Pemerintah Diminta Batalkan Permendag Pengaturan Impor Minol
Utama

Pemerintah Diminta Batalkan Permendag Pengaturan Impor Minol

Karena menaikkan impor MMEA dari batas maksimal 1.000 ml menjadi 2.250 ml. Permendag ini dinilai merugikan moralitas anak bangsa dan pendapatan negara.

Oleh:
Rofiq Hidayat
Bacaan 3 Menit
Ilustrasi kasus peredaran miras atau minol. Foto: RES
Ilustrasi kasus peredaran miras atau minol. Foto: RES

Pemerintah telah menerbitkan Peraturan Menteri Perdagangan (Permendag) No.20 Tahun 2021 tentang Kebijakan dan Pengaturan Impor. Namun aturan tersebut dianggap menaikkan impor minuman dari batas minuman yang mengandung kadar etil alkohol (MMEA). Bagi sebagian kalangan, aturan tersebut merugikan moralitas anak bangsa dan pendapatan negara.

“Mengapa pemerintah mengeluarkan kebijakan semacam itu? Aturan tersebut berpotensi besar merugikan moralitas anak bangsa dan pendapatan negara,” ujar anggota Komisi VI Amin AK melalui keterangan tertulis di Jakarta, Senin (8/11/2021).

Dia meminta Permendag 20/2021 semestinya dibatalkan karena Menteri Perdagangan Muhammad Luthfi dipandang melonggarkan aturan minuman alkohol (minol) impor. Peraturan tersebut mengubah Permendag Nomor 20 Tahun 2014 terkait impor MMEA dari batas maksimal 1.000 ml menjadi 2.250 ml. Beleid yang diteken Muhammad Luthfi pada 1 April 2021 lalu itu dinilai diperuntukan bagi wisatawan asing, namun berlaku umum.
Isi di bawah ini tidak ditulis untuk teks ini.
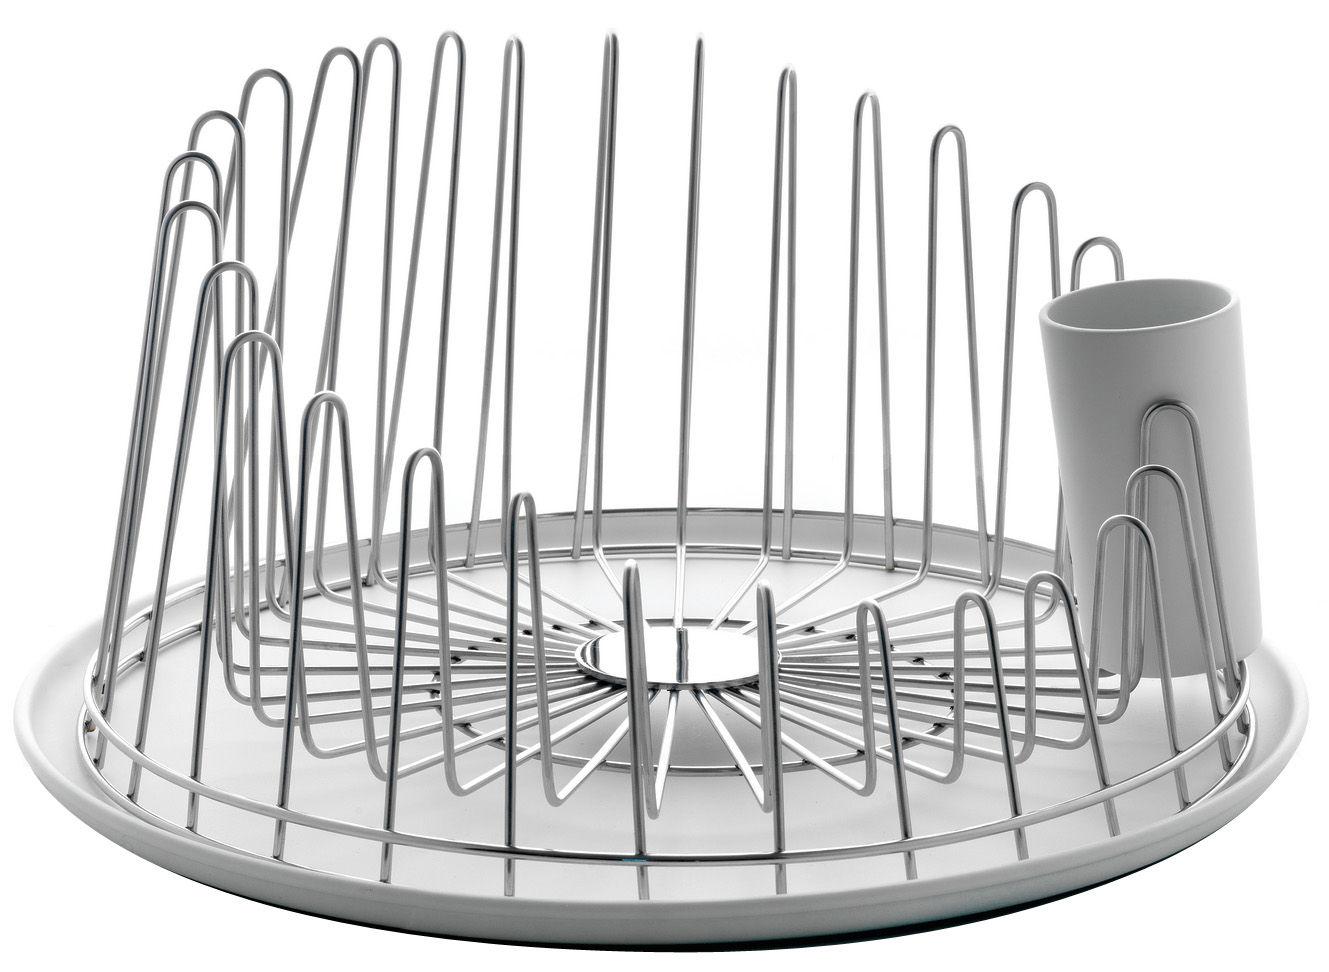 Küche - Spülen und putzen - A Tempo Abtropfgestell - A di Alessi - Stahl glänzend - polierter Stahl, thermoplastisches Harz
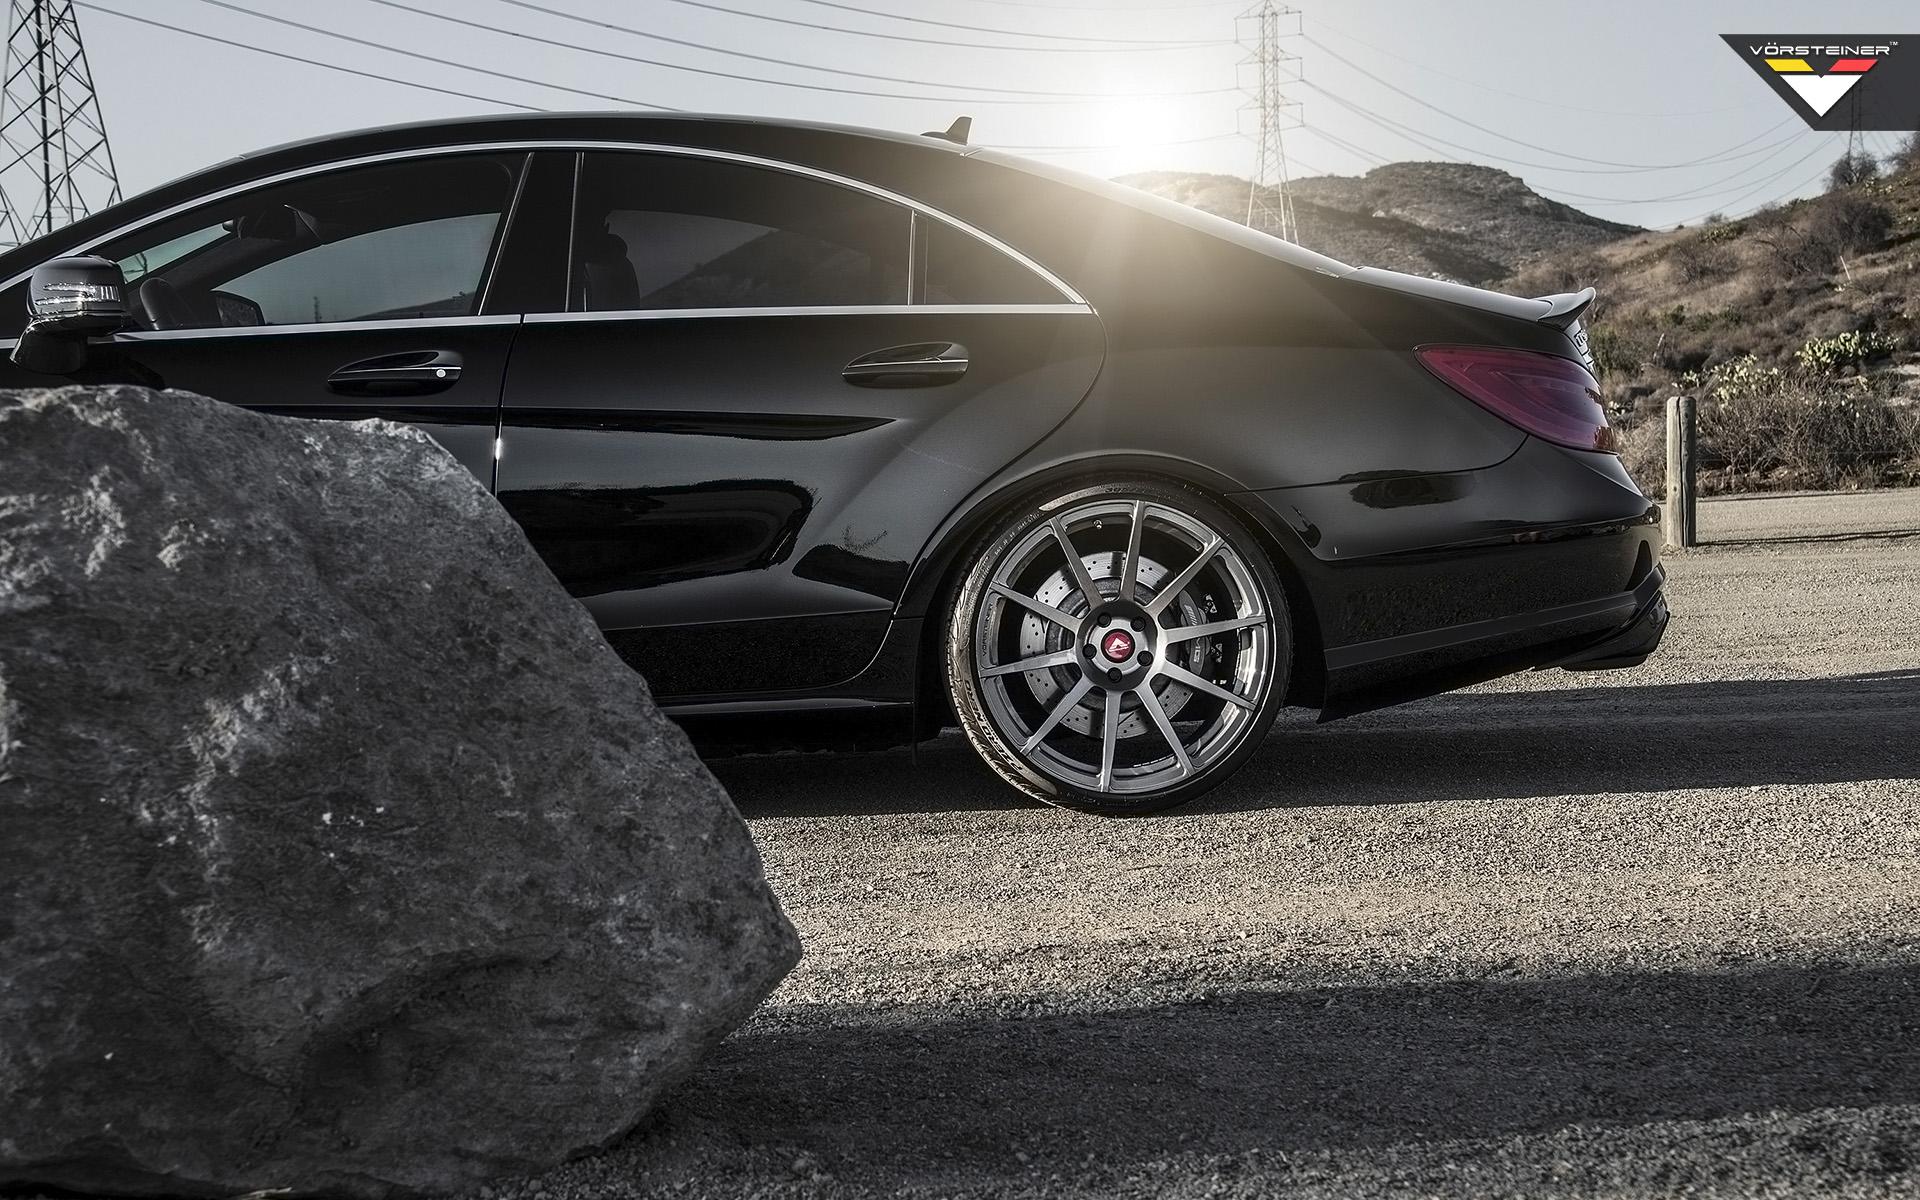 2014_Vorsteiner_Mercedes_Benz_CLS63_AMG_Sedan_tuning_luxury_wheel______g_1920x1200.jpg

“Ini bentuk lemahnya pengawasan pemerintah yang potensial minuman yang mengandung etil alkohol beredar secara ilegal di masyarakat umum,” kata dia. (Baca Juga: Melihat Akar Persoalan Legalisasi Peredaran Miras)

Amin merujuk sejumlah hasil penelitian yang dilakukan beberapa perguruan tinggi. Misalnya, hasil penelitian Universitas Tanjungpura Pontianak menyebutkan, peredaran minuman beralkohol ilegal marak terjadi Kota Pontianak di warung-warung pinggir jalan, di hotel-hotel. Kemudian tempat hiburan malam dan gudang para pedagang minuman beralkohol yang tidak berizin.

Begitupula dengan hasil riset Fakultas Hukum Universitas Negeri Gorontalo yang menyebut tidak berjalan efektifnya pengawasan dan pengendalian peredaran Minol di Kota Gorontalo. Kajian yang sama juga dilakukan Fakultas Hukum Universitas Islam Indonesia (UII) terkait pengawasan peredaran Minol di Kota Kudus, Jawa Tengah.

Dia menilai hasil kajian di dua kota tersebut menunjukkan kebiasaan mengkonsumsi Minol berdampak negatif dalam konteks sosial, ekonomi, dan terutama kesehatan masyarakat. Menurutnya, kajian dari Fakultas Kedokteran Universitas Indonesia juga mengungkapkan, mengkonsumsi minol berdampak buruk bagi kesehatan hati, otak, jantung, dan bisa memicu kerusakan organ tubuh lainnya.